Selon des sources à Radio Liberté, il est reproché à une de ses émissions "d'inciter la population de Kisangani au sabotage des institutions provinciales".
(JED/IFEX) – Trois agents de l’agence nationale de renseignement ont fait irruption, vendredi 26 février 2010 peu avant midi, dans les studios de Radio Liberté, une station privée émettant à Kisangani, capitale de la Province Orientale au nord-est de la RD Congo. Ils ont interrompu l’émission « Académie Plus », un programme quotidien de débats politiques, consacré ce jour au rejet la veille de la motion de défiance contre le gouverneur de la Province Orientale. Deux participants à l’émission, M. Simon Bokongo, responsable local du MLC (Mouvement pour la libération du Congo, parti de l’opposition), et l’ancien vice-gouverneur de la province orientale, M. Abibu Sakapela, ont été interpellés tandis que l’enregistrement de l’émission a été emporté. Le troisième invité de l’émission, M. Augustin Osumaka, responsable local du PPRD (Parti du peuple pour la reconstruction et la démocratie, parti majoritaire au pouvoir), n’a pas été inquiété.

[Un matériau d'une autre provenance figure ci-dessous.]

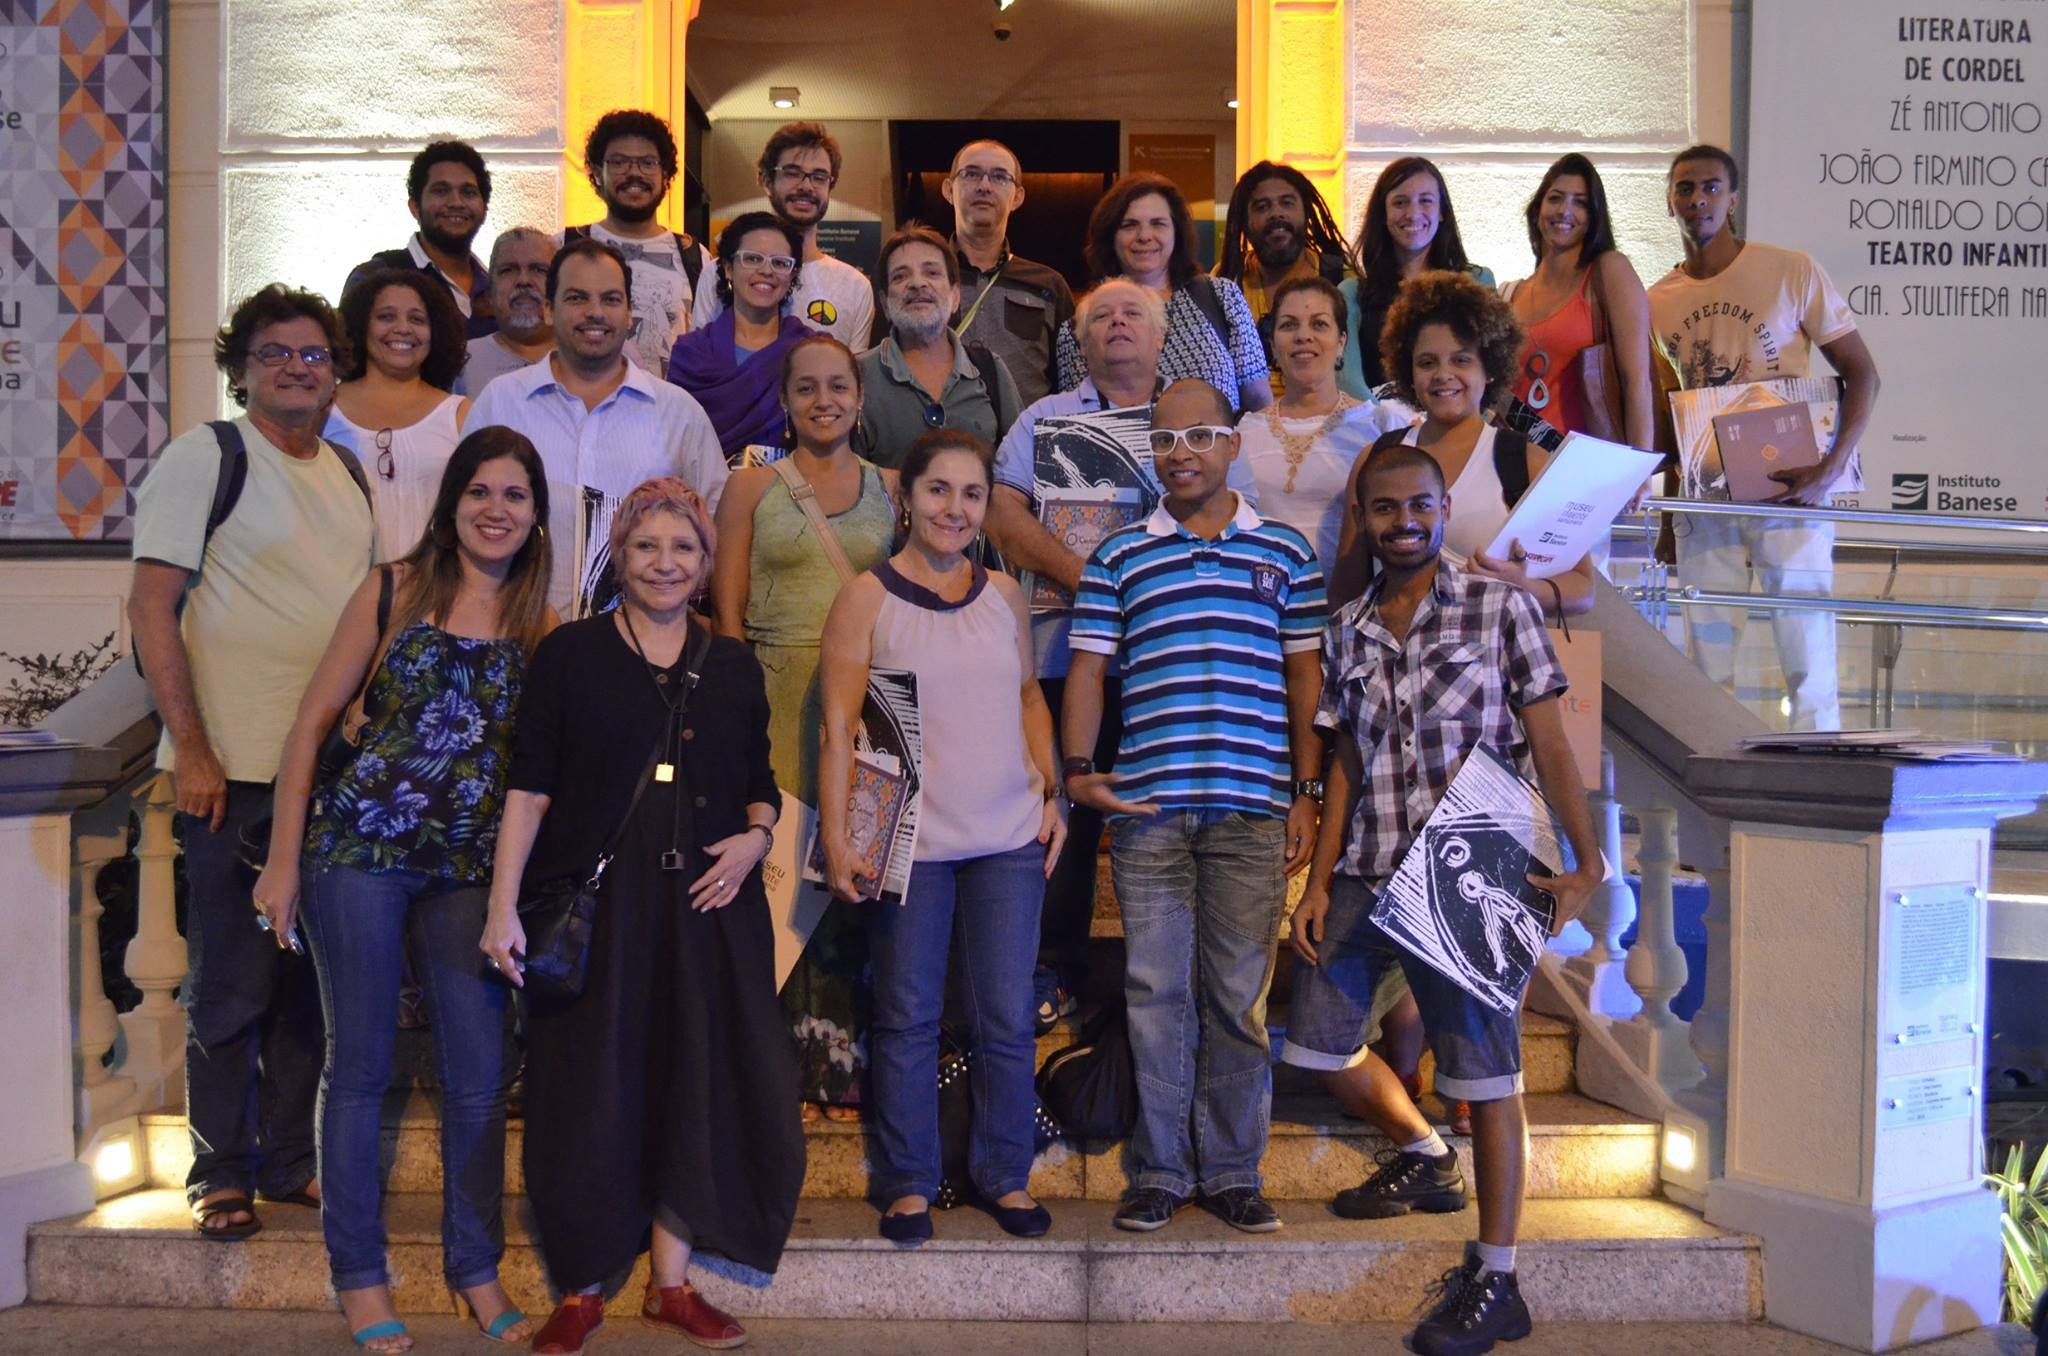 IHAC-UFBA conclui em Olinda segunda turma do Curso de Especialização em Gestão Cultural no Nordeste
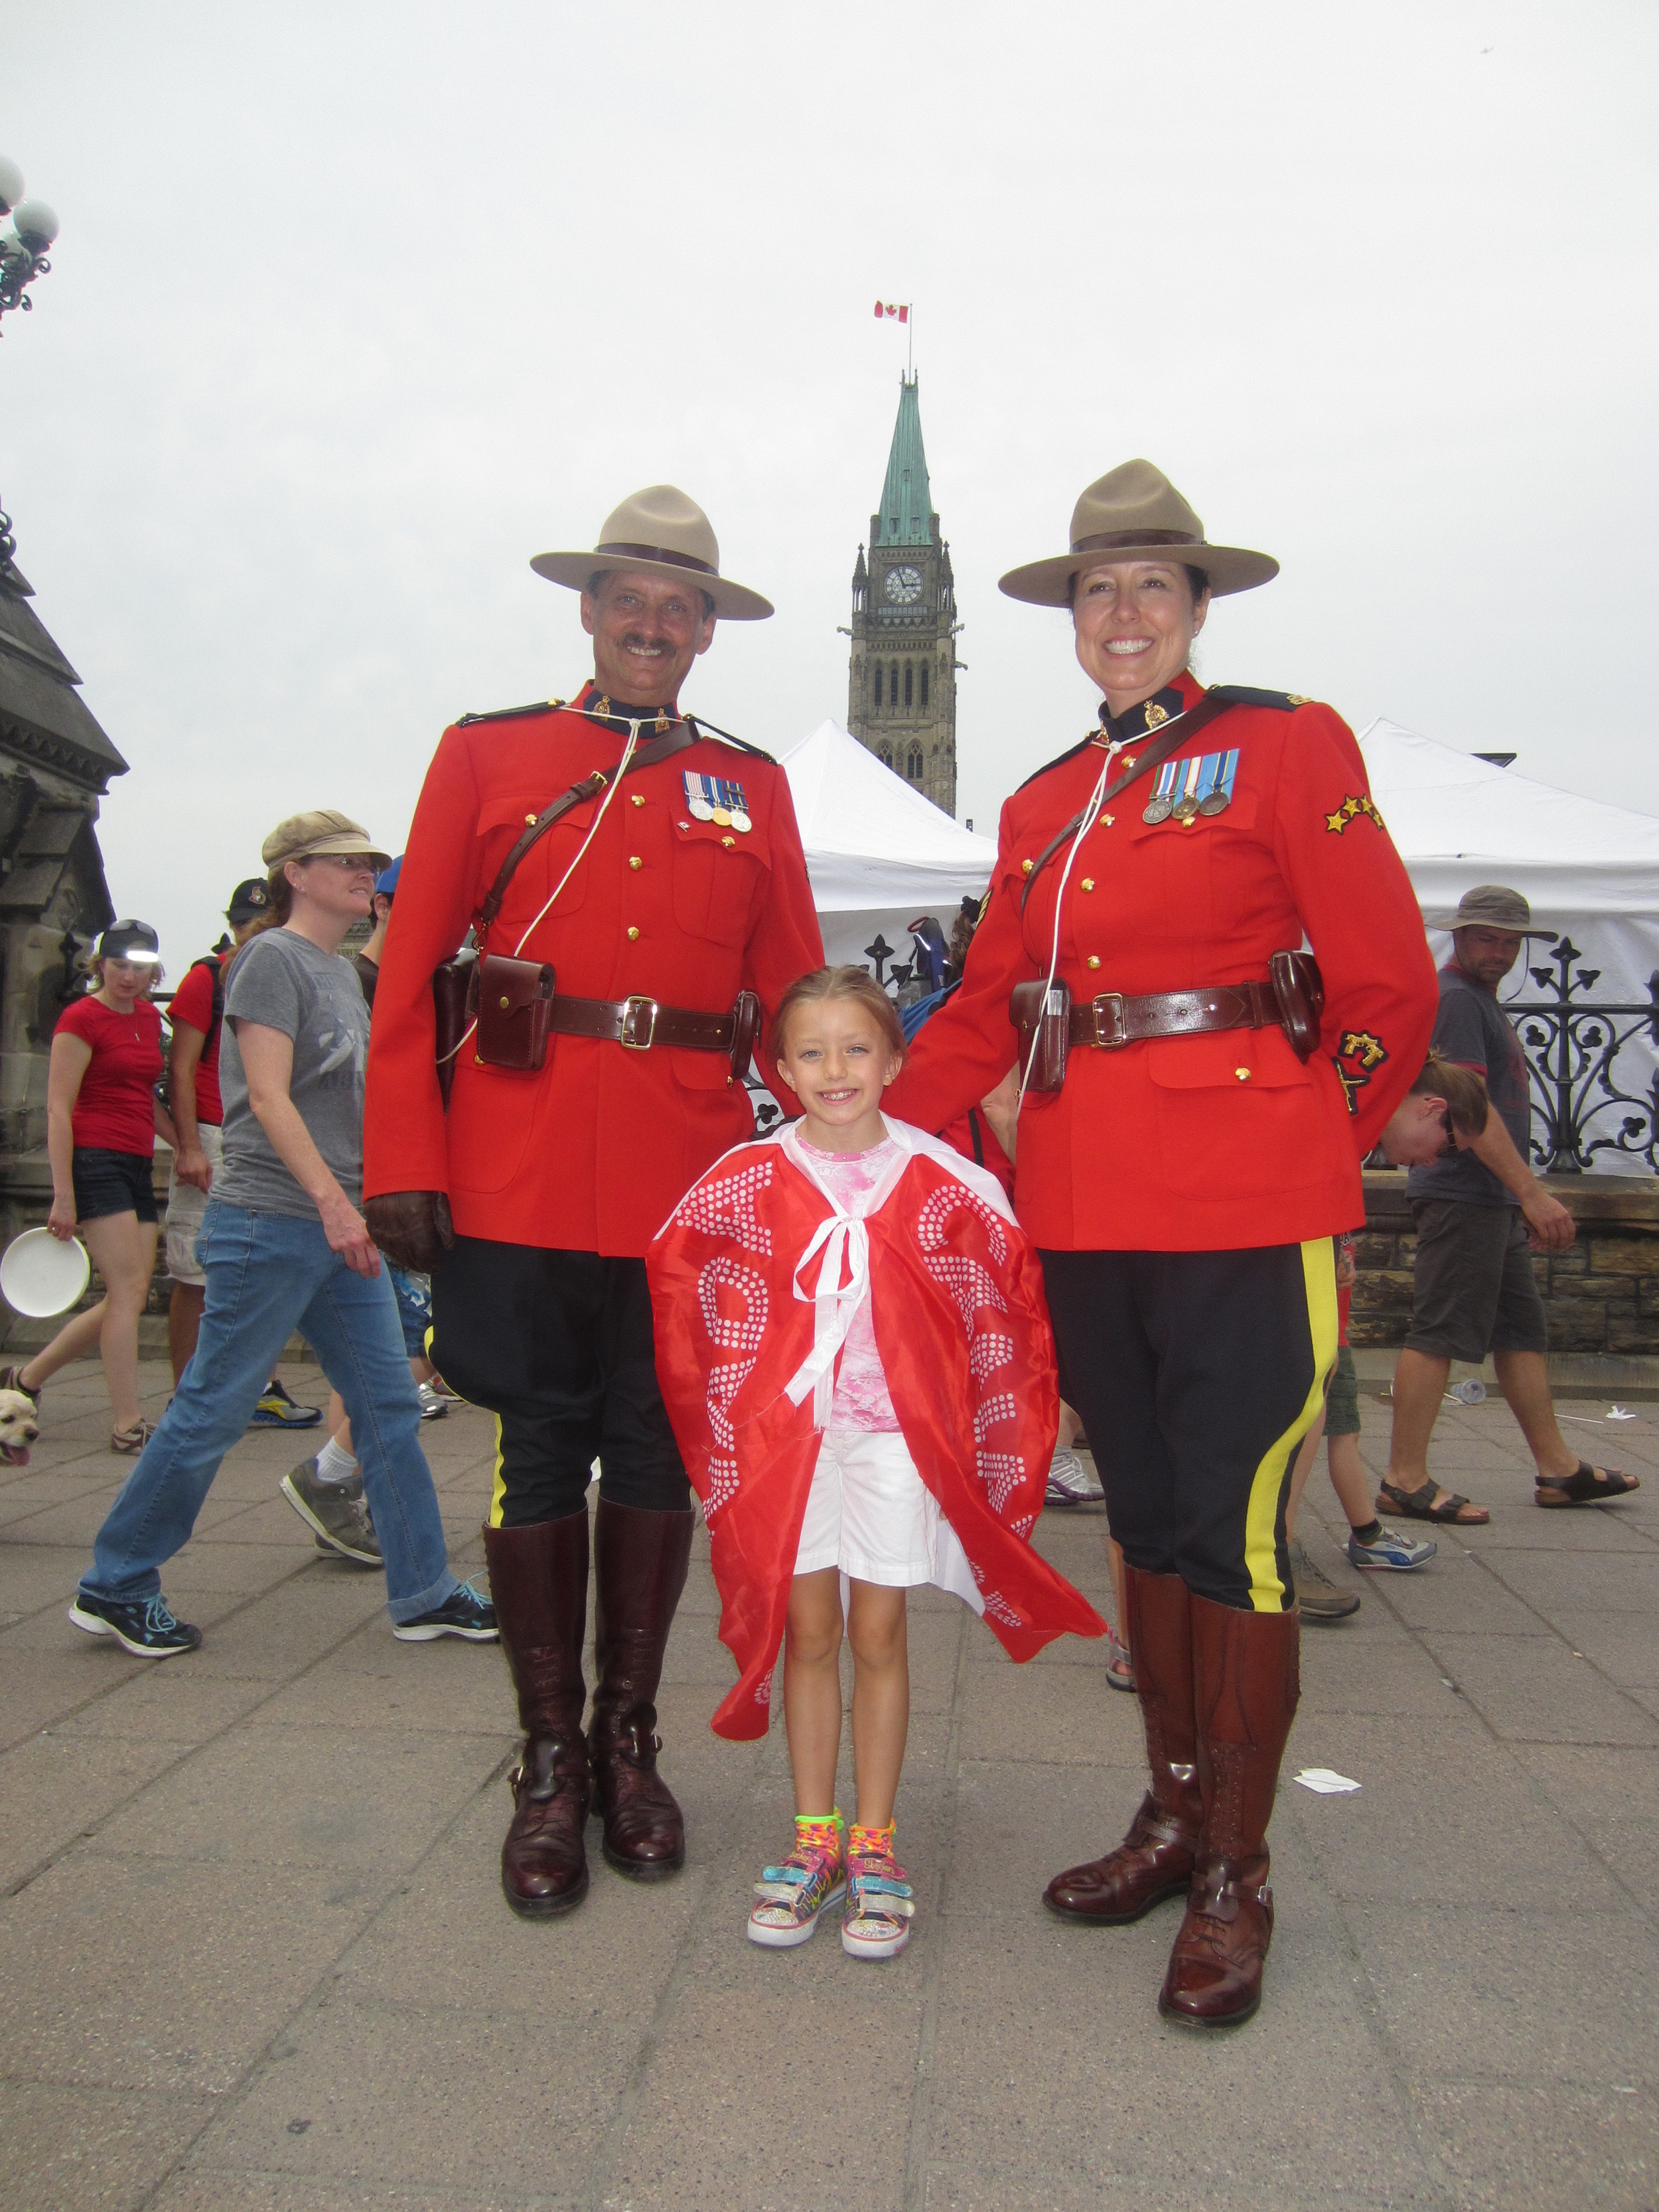 OttawaAndMaine_July2013 339

Selon des sources contactées par Journaliste en danger (JED) à Radio Liberté, il est reproché à cette émission « d’inciter la population de Kisangani au sabotage des institutions provinciales ».
L’un des agents de l’ANR venu à la Radio a dit que « cette émission porte des insultes à l’endroit du gouverneur de la province. Nous ne pouvons pas tolérer cela ». Contacté par JED, Franck Wasanga, présentateur de l’émission incriminée et chargé des programmes à Radio Liberté, a déclaré qu' »aucune insulte ni incitation quelconque n’ont été proférées à qui que ce soit au cours de l’émission. Nous avons été surpris par cette invasion des agents des services des renseignements qui ont ravis mon matériel de travail et ont emmené avec eux deux de mes invités ».
Contacté à son tour par JED, M. Emmanuelli Kahaya, directeur de cabinet du gouverneur de province, a déclaré que l’ordre d’intervention de l’ANR dans les locaux de Radio Liberté n’est pas venu du gouverneur de la province.
JED condamne vigoureusement l’intervention musclée des agents de l’ANR dans les locaux de Radio Liberté. « Même si par l’absurde Radio Liberté a commis un délit de presse au travers de son émission Académie Plus, aucune disposition de l’ordre judiciaire congolais ne donne mandat au service de renseignement pour connaître de cette affaire. Il s’agit ni plus ni moins d’un abus de pouvoir de plus dans le chef de l’ANR », estime JED.
JED rappelle que dans son Rapport 2009 sur l’état de la liberté de la presse en RDC, l’ANR est apparue comme le service le plus répressif de la liberté de la presse en RDC avec un total de 26 cas sur les 75 cas d’atteintes à la liberté de la presse observés par son service de monitoring. La majorité des atteintes attribuées à l’ANR l’ont été dans les provinces.